# Is this a CREE LED??



## eebowler (Jan 3, 2008)

Pic of Q5 from Endevour's group buy

Pic of Cree removed from L2D

Pic of DX, Cree Elly

Die pattern of DX, Cree Elly.

I got it from kaidomain and it's listed under "Cree LED flashlights" The output is comparable to my DX, Cree Elly powered by a MiniPro III (900mA current draw). I'm trying to get the link now.
Got it SAIK RC-A2


----------



## AzGB (Jan 3, 2008)

While the actual die pattern doesn't look like what I'm used to as being a Cree, you did notice what it says right? I'm not being a smartass, by the way, sometimes I miss things that are right in front of me...

:thinking:


----------



## eebowler (Jan 3, 2008)

LOL AzGB. I did saw that but, it's from china and they lable anything as they please. When Luxeon LEDs was the only thing you could get, there were lots of odd LEDs looking like Luxeon stars popping up with 'Luxeon LED' stamped on the stars yet, they were fake.


----------



## AzGB (Jan 3, 2008)

eebowler said:


> LOL AzGB. I did saw that but, it's from china and they lable anything as they please. When Luxeon LEDs was the only thing you could get, there were lots of odd LEDs looking like Luxeon stars popping up with 'Luxeon LED' stamped on the stars yet, they were fake.


 
Ok... gotcha. Sorry for the lack of faith there. I was hoping there was more to it than just a simple oversight.


----------



## kenzo (Jan 3, 2008)

Isn't that a Cree p2?


----------



## J.D. (Jan 3, 2008)

I think it is a cree Emitter, i would say xr-e Bin: *P2
*as far as i know the
p2 bin has only 2 wires to the diode
p4 bin has 3 wires
and the Q bins has 4 wires

just my opinion ...


----------



## J.D. (Jan 3, 2008)

kenzo was faster


----------



## chimo (Jan 3, 2008)

Possibly a Cree XR-*C*. Looks like Cree's EX600 or EZ700 die (not the EZ1000).

Paul


----------



## Jay T (Jan 3, 2008)

J.D. said:


> I think it is a cree Emitter, i would say xr-e Bin: *P2
> *as far as i know the
> p2 bin has only 2 wires to the diode
> p4 bin has 3 wires
> ...



Doesn't that go against the concept of "binning"

Binning is where they are manufactured, then tested and sorted according to performance.

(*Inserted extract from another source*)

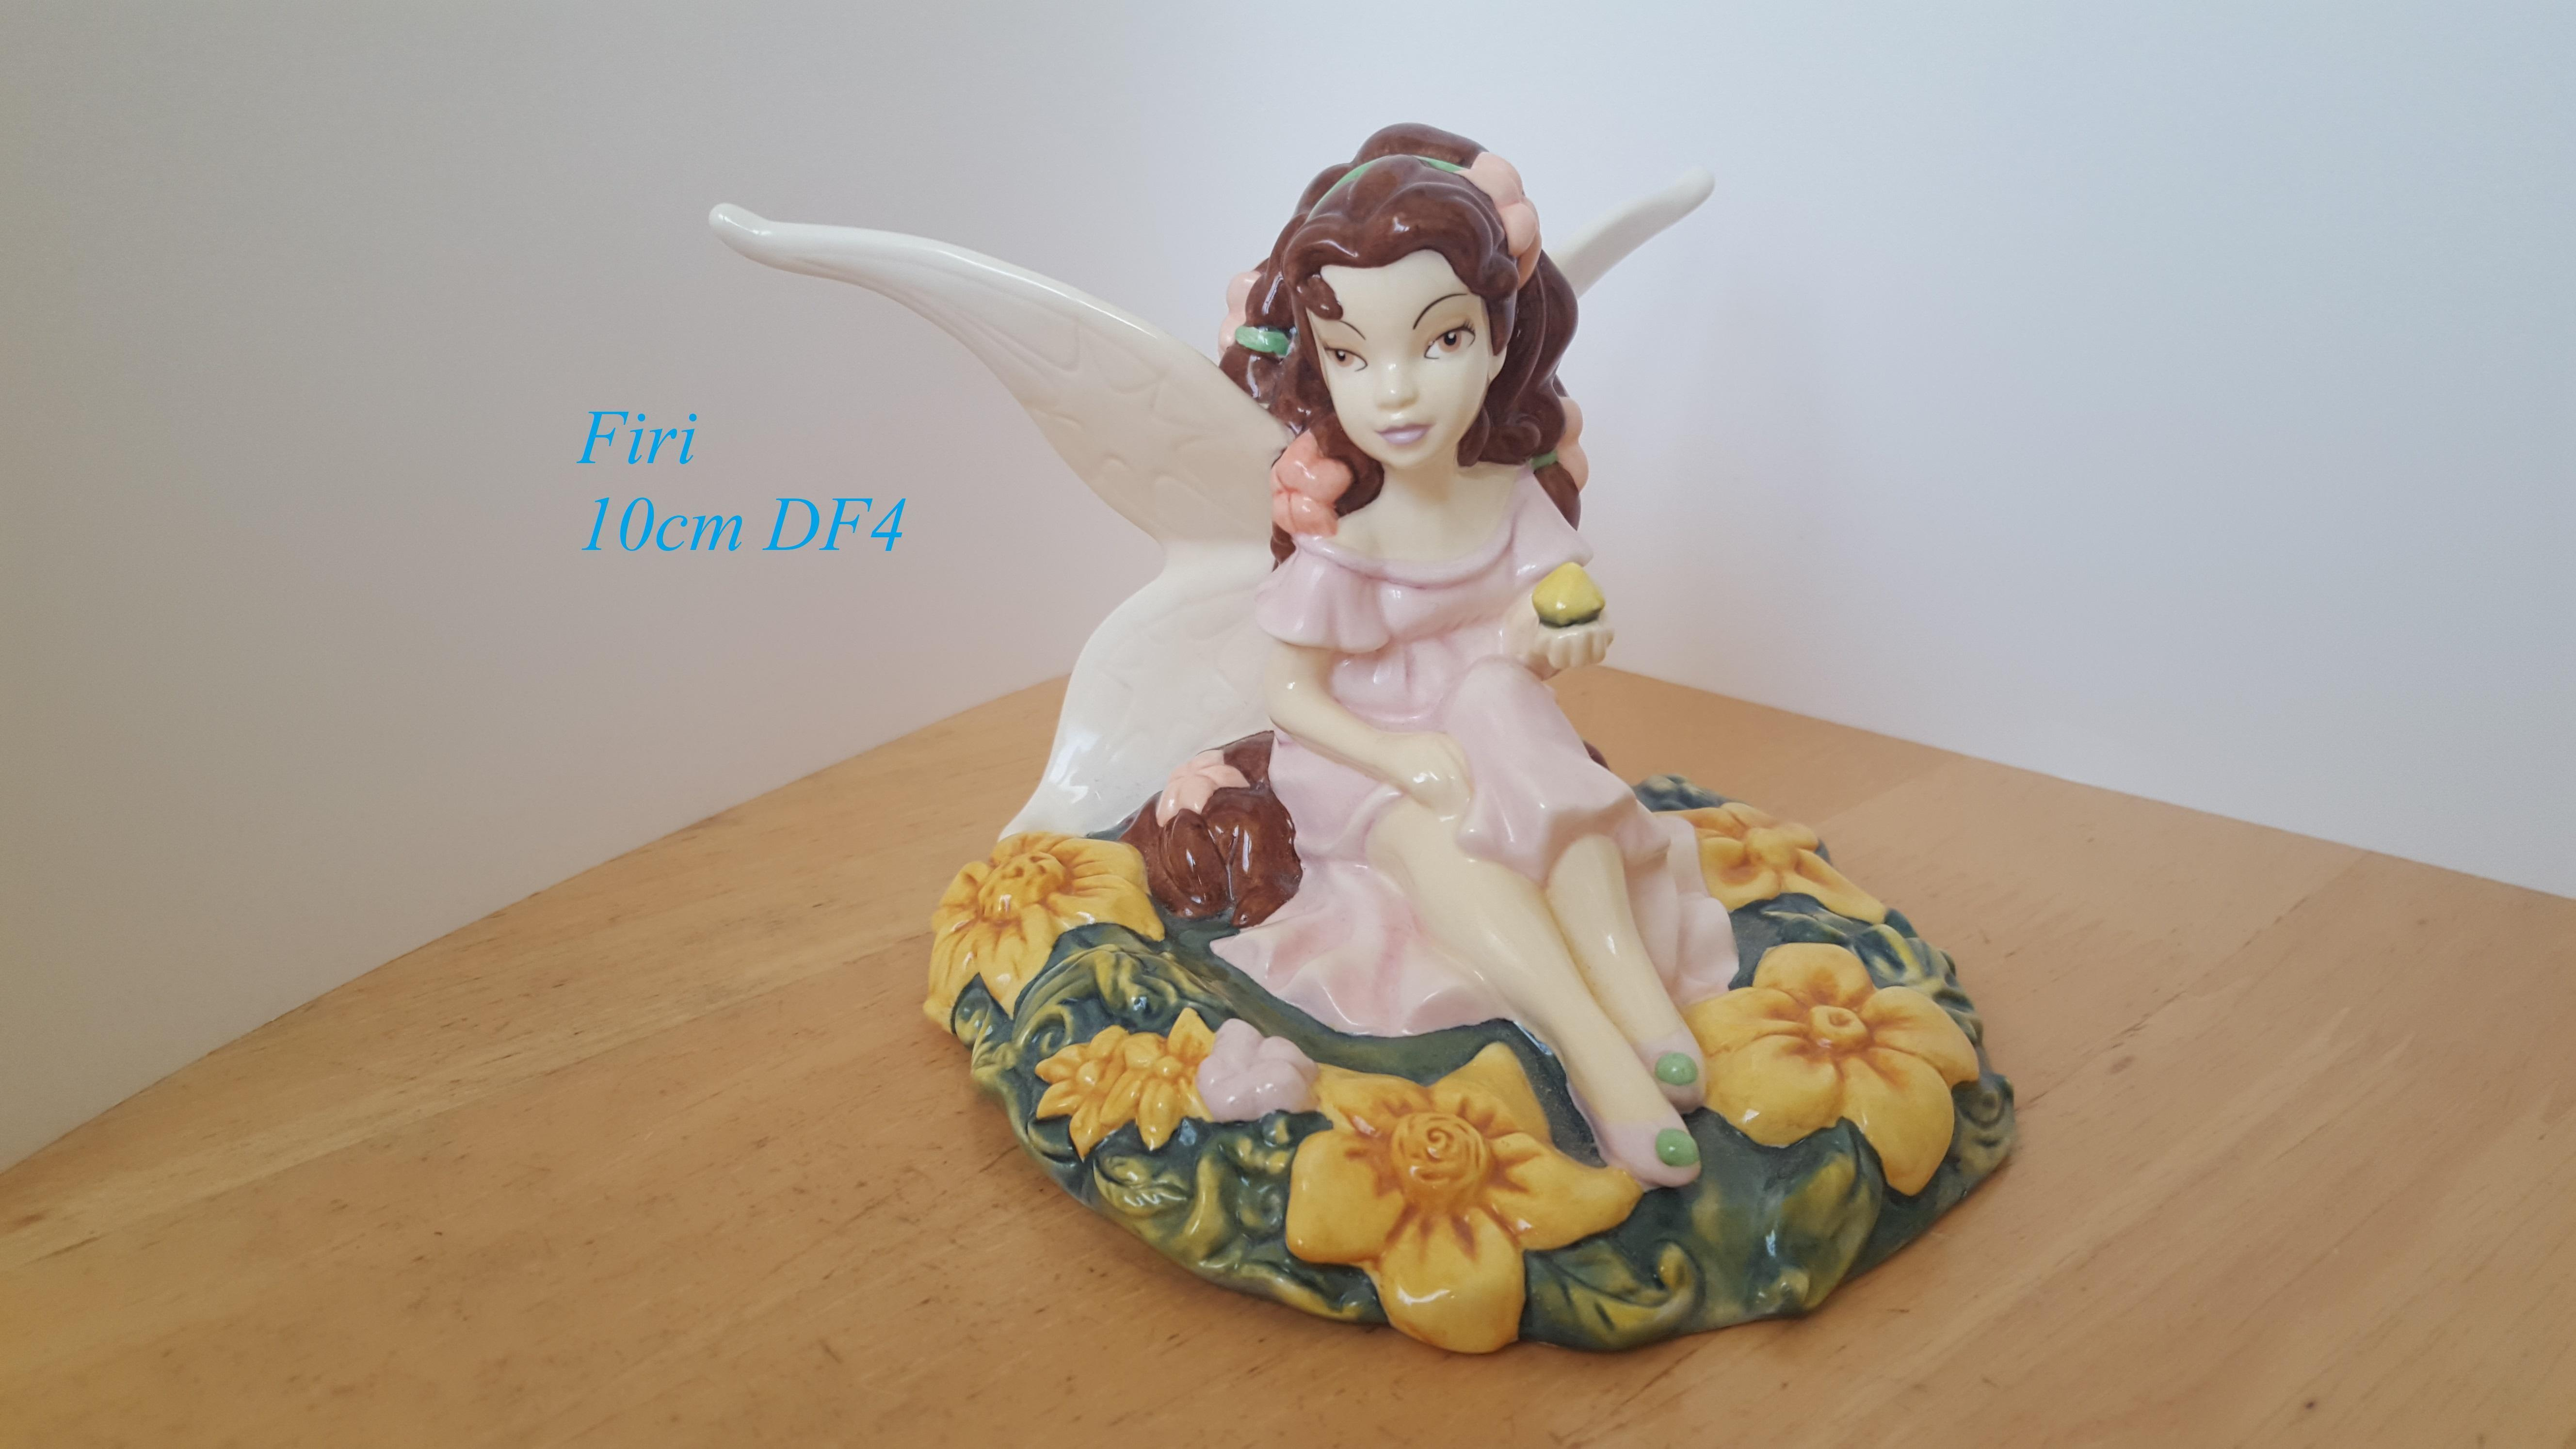 ROYAL DOULTON Disney Fairies Collection Figurine Firi 10cm

They don't know what they are until after they are manufactured.

Taking a look at my Bug out gear Premium+ it has four wires, and it's a P4 bin.

My Hyperion CER was listed as a P4 and it has 4 wires.


----------



## J.D. (Jan 3, 2008)

So it looks like i´m wrong ...
i have several P4 bins - all with 3 wires
and one p2 bin - with one wire
and 10 Q5 with 4 wires.

maybe that was coincidence ...

but i think my thoughts didn´t go against the concept of binning.
sure you are right the leds are sorted after production.
but i think in the first time when the first XR-E p4 was availible there where no Q5 availible.
So i think the technologies has moved on form p4 to q5 and my thoughts was that cree put anoter wire to the die.

but as said - maybe i was wrong :nana:


----------



## SteveDavis (Jan 3, 2008)

That is an XR-C. The way to tell is to look at the die itself, not the substrate. In an XR-C, the die is smaller, has only two rectangles created by the on die wiring, and only one wire bond to the die. The XR-E has two wire bond locations on the die, and three rectangles created by the on die wiring. Both have the same package, so package size and footprint will tell you nothing.


----------



## eebowler (Jan 3, 2008)

chimo, SteveDavis: It looks like you guys are correct. I've been looking at the document chimo provided and they do look exactly like what I have. These dies are used to make the XR-C LEDs as you suggested.

The EZ1000 die seems to be that of the P4-Q5 LEDs.

Now I have to figure out if I the LED sucks or not.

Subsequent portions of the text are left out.